Is it really about the Internet and these new Digital channels or have we got it all wrong?

There’s no doubt that many people are opting for their laptops and Google News in the morning over the local newspaper, but the shift away from reading the news is as old as the advent of radio, TV and whatever else came after that. For years, educational facilities and the book publishing industry have been complaining that the activity of reading keeps dropping year over year. Couple that with the advent of many new and interesting media channels (and yes, this includes the Internet) and you don’t really have a digitization of the newspaper industry that is killing it, you simply have more choices and options for the average consumer than ever before.

Newspaper have never been heavily into the concept of innovation.

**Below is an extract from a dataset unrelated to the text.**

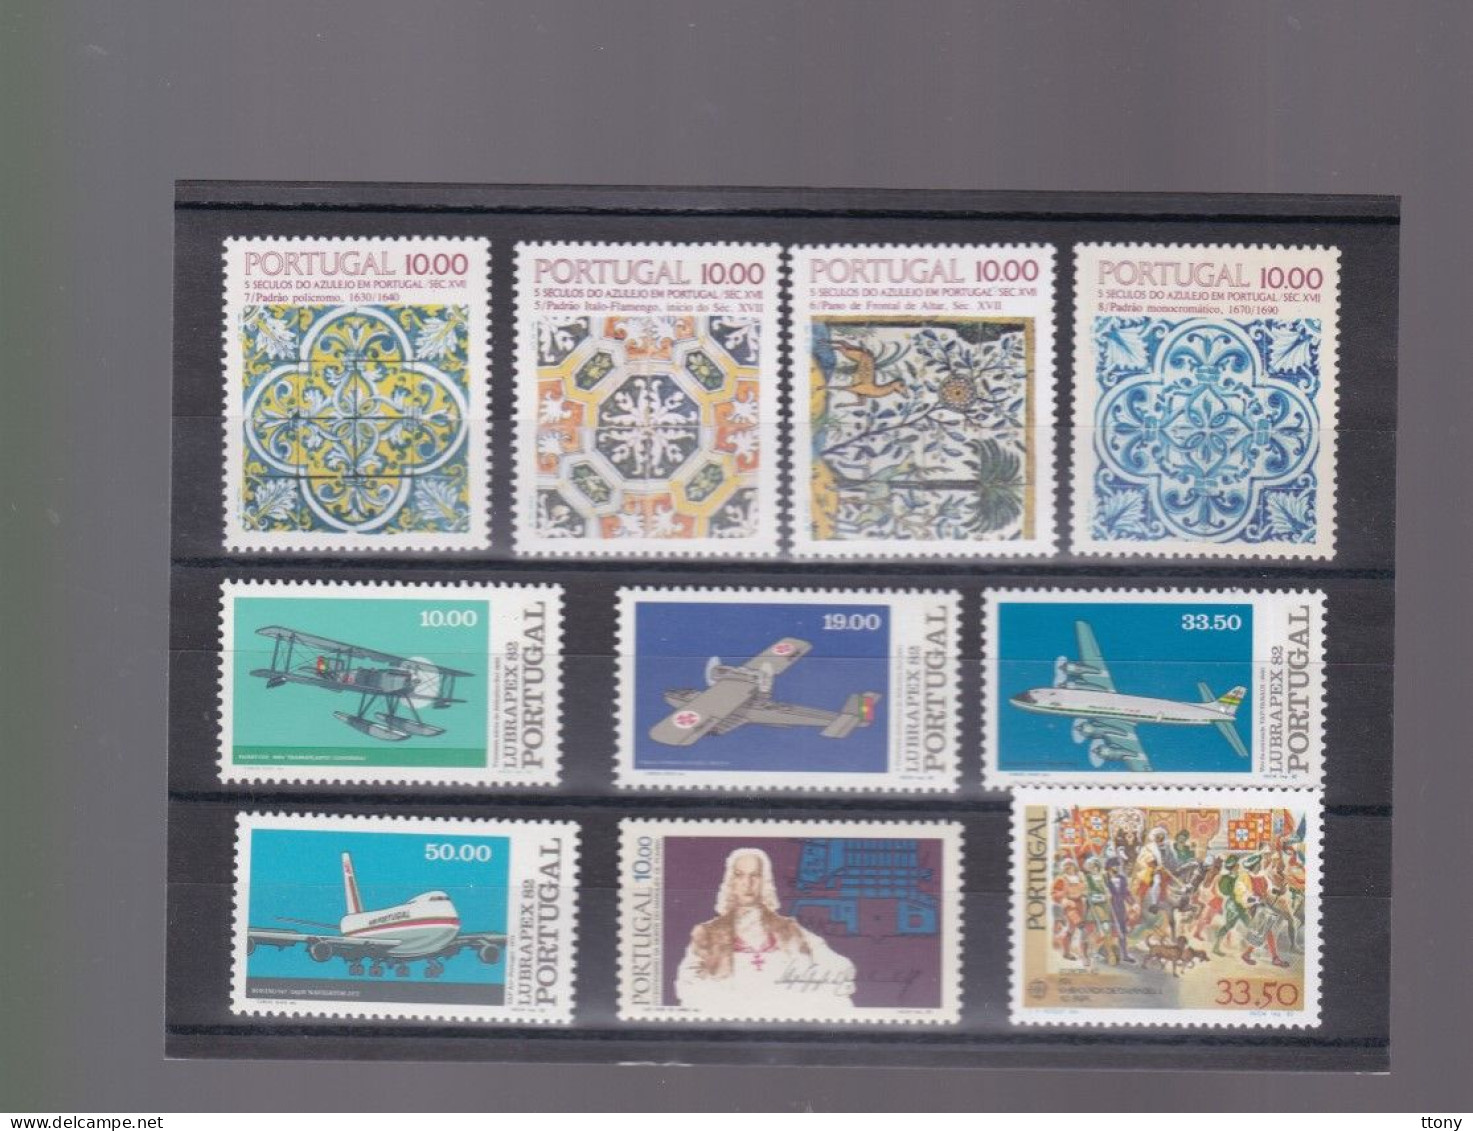 168 timbres Portugal  + blocs et carnets  timbres neufs   différentes années     année complètes  Europa    cote ++++

They always owned a large portion of the local market and that’s what attracted (and continues to attract) most advertisers. My guess is that newspaper publishers saw the Internet as an additional distribution channel to demonstrate the quality of their content and get the mass public interested in buying their paper products. When that conversion never came to be, and the realization set in that people were more than fine with just reading the news online or grabbing some quick headlines from an iPhone app, the game needed to be changed again.

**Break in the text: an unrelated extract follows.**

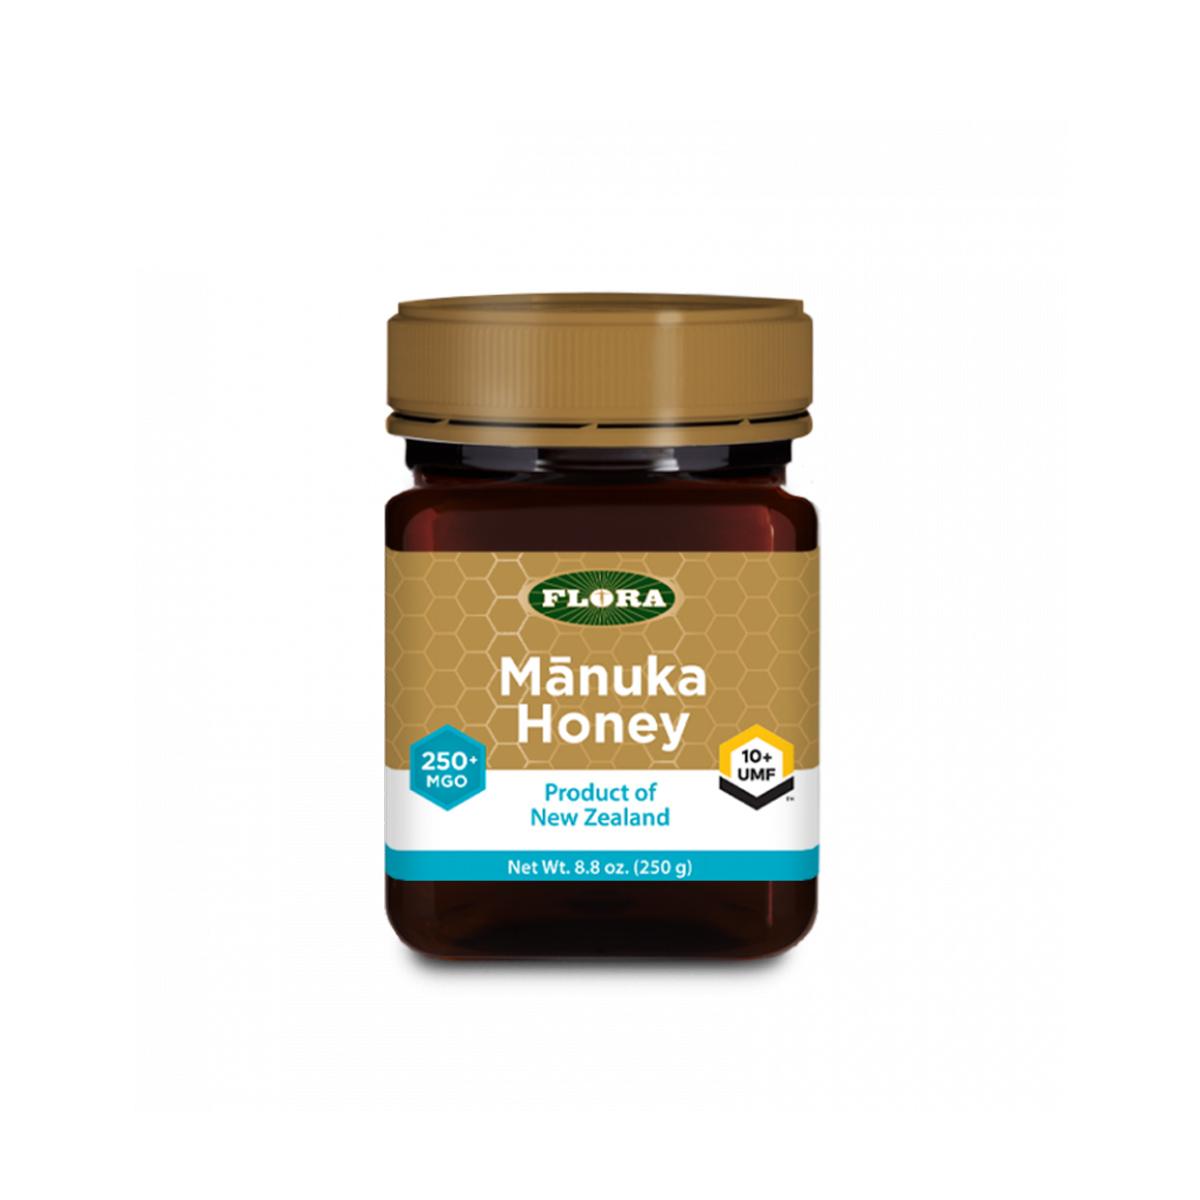 Primary image of Manuka Honey MGO 250+/10+ UMF

It’s been documented and debated to death.

Whether the newspaper and magazine industry made the right choices is not as important as the business choices they are about to make. If they choose to charge for the content that has been free for almost 15 years now, they’re sure to have some semblance of a revenue stream, but there will be other media companies who might come along and offer up that content again for free (and figure out some other kind of revenue model beyond paid subscription). If they choose to no longer let companies like Google serve up their content in their generic search results, fewer people will be exposed to those traditional media brands. If they leave things as they are, they are somewhat stuck in a model where there is a tremendous amount of Internet traffic but not enough advertising interest to support it.

How can you charge for something that was free?

Simply put, you can’t. But, you can charge for premium, new and different kinds of content. Perhaps if these newspaper and magazine publishers actually embrace the idea that "publishing" online is more than just copying and pasting your traditional media text onto the Internet, there may be many new and interesting money making ventures ahead of them (at first glance, charging for a great iPhone app is one, small way). From audio, video, images and yes, text, to a better understanding as to how tools and platforms like Blogging and Twitter are moving us ever-closer to a real-time publishing world, perhaps these publishers can really start developing and marketing new publishing tools and pieces of content for the Internet, mobile and whatever new digital platforms are going to be developed in the coming years?

Publishers need to understand that the future of publishing is not about charging for what they used to create, but rather charging for newer types of publishing platforms and pieces of content we can’t (and couldn’t) get somewhere else.